EFCA is not the solution

As we go to press, the Democrats seem to be abandoning the Employee Free Choice Act, despite receiving hundreds of millions of dollars in campaign assistance (and countless hours of campaign work) from the business unions. This continues a long string of broken promises dating back to the origins of the labor movement’s dealings with the politricksters. But even if one could place one’s faith in politicians. the law would do little to build workers’ actual power:

For bosses everywhere it is the end of the world as we know it. For progressives and trade unionists it is nothing less than the salvation of the labor movement. The Employee Free Choice Act, recently re-introduced to the U.S. Congress, is being touted as the most significant piece of labor legislation since the Wagner Act of 1935 made the promotion of collective bargaining the centerpiece of U.S. labor policy.

Bosses’ organizations like the Chamber of Commerce, Center for Union Facts and Freedom’s Watch have poured millions of dollars into a campaign to sway their bought-and-paid-for politicians to do right by them and defeat the unions. The main mouthpiece of big capital, The Wall Street Journal, has been particularly vocal in opposition to the Act. And Starbucks and Whole Foods – both experienced union-busting operations – have put forward a “compromise” that would continue the current system (with slightly higher penalties when companies such as themselves are caught violating the law), but allow the bosses to go after union treasuries if workers “abuse” the bosses.

For its part, the mainstream labor movement is also pouring millions of dollars and members’ time into campaigning for passage of the Act. They are hoping that their efforts to help elect Barack Obama president of the U.S. and Democratic senators and representatives will finally pay off.

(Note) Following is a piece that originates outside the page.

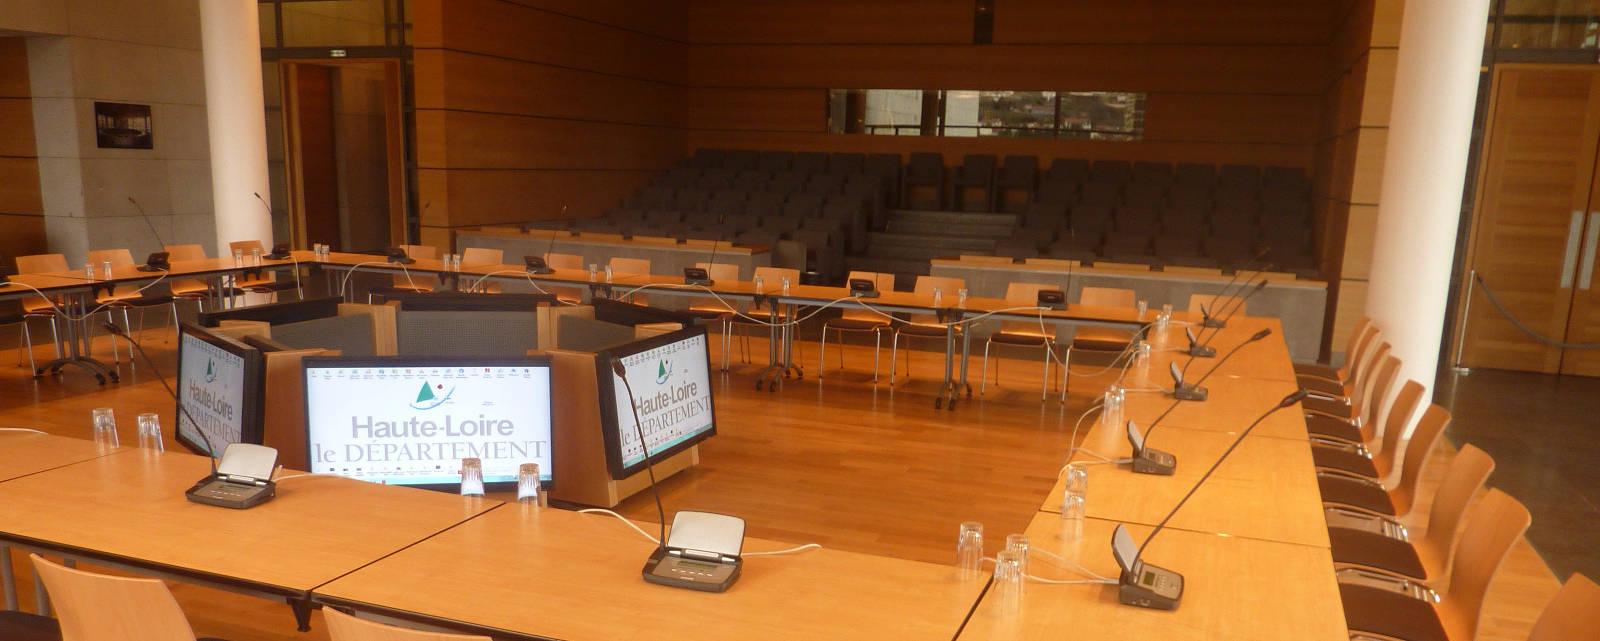 Espace Jacques Barrot - Salle modulable en carré

The main element of the Act that has bosses fuming and labor bureaucrats swooning is the provision for NLRB certification as exclusive collective bargaining agent of any union that can convince 50 plus 1 percent of a defined bargaining unit to sign cards authorizing the union to bargain with management over wages and working conditions, so-called card check recognition. Card check is already possible within the current law, if the union can convince the boss to recognize it as the collective bargaining agency of his/her workforce. Bosses very rarely agree to card check, preferring an NLRB supervised election, which gives them time to mount an anti-union campaign of harassment and intimidation to convince workers to vote no union.

The bosses’ main argument against card check is that it will take away the employees’ sacred “secret ballot” and that workers will be subjected to intimidation from union goons to sign authorization cards. The fact is that a secret ballot election remains an option where workers petition for one. In addition, provisions for union decertification remain the same, if bosses can convince 30% of their wage slaves to petition for same. So the ballot argument is just a cover for the fact that employers’ fear that given a chance their workers would opt for union representation (recent polls show that 53% of workers would join a union if given a chance), which would mean that they would have to give up total control of their businesses and perhaps some of their profits.

The EFCA also increases penalties for bosses who fire workers during organizing campaigns, granting up to three times back pay to the fired worker and levying a possible $20,000 civil fine on the employer. While this might give smaller employers an incentive to play nice, larger employers will simply include these as costs of doing business, if the law is even enforced.

Given the vehement opposition to the EFCA by the employing class one is tempted to embrace the law and champion its passage; but there are provisions in the new law that should give rank-and-file workers pause. The law provides for mediation by the Federal Mediation and Conciliation Service if the employer and collective bargaining agency cannot come to agreement on a contract within 90 days of certification. If mediation fails to bring about agreement then the law provides for binding arbitration, which will result in the imposition of a two-year contract that workers won’t have the opportunity to vote on. In other words, the workers will have as much say in their wages and working conditions as they had before.

The biggest cause for concern, however, is that while the law may make it easier for workers to join unions it says nothing about what kind of unions they will be joining or the nature of the relationship being entered into. Most authorization cards simply state that the signer authorizes such-and-such an organization to represent them in collective bargaining. It is not the same as actually becoming a member of a union. Indeed, most workers become union members only after the collective bargaining agreement is signed and a dues check-off is implemented. This idea of the union as simply a collective bargaining agent rather than an organization for struggle is at the root of business unionism. EFCA will simply make it easier for the business unions to increase their dues-paying base; it will not result in greater organization of labor, unless rank-and-file workers decide to organize on the job in spite of the bureaucrats.

We anarcho-syndicalists and revolutionary unionists, of course, have no faith in the law. With or without the Employee Free Choice Act our task is the same: “to organize industrially for the everyday struggle with capitalists and to carry on production once capitalism has been overthrown.”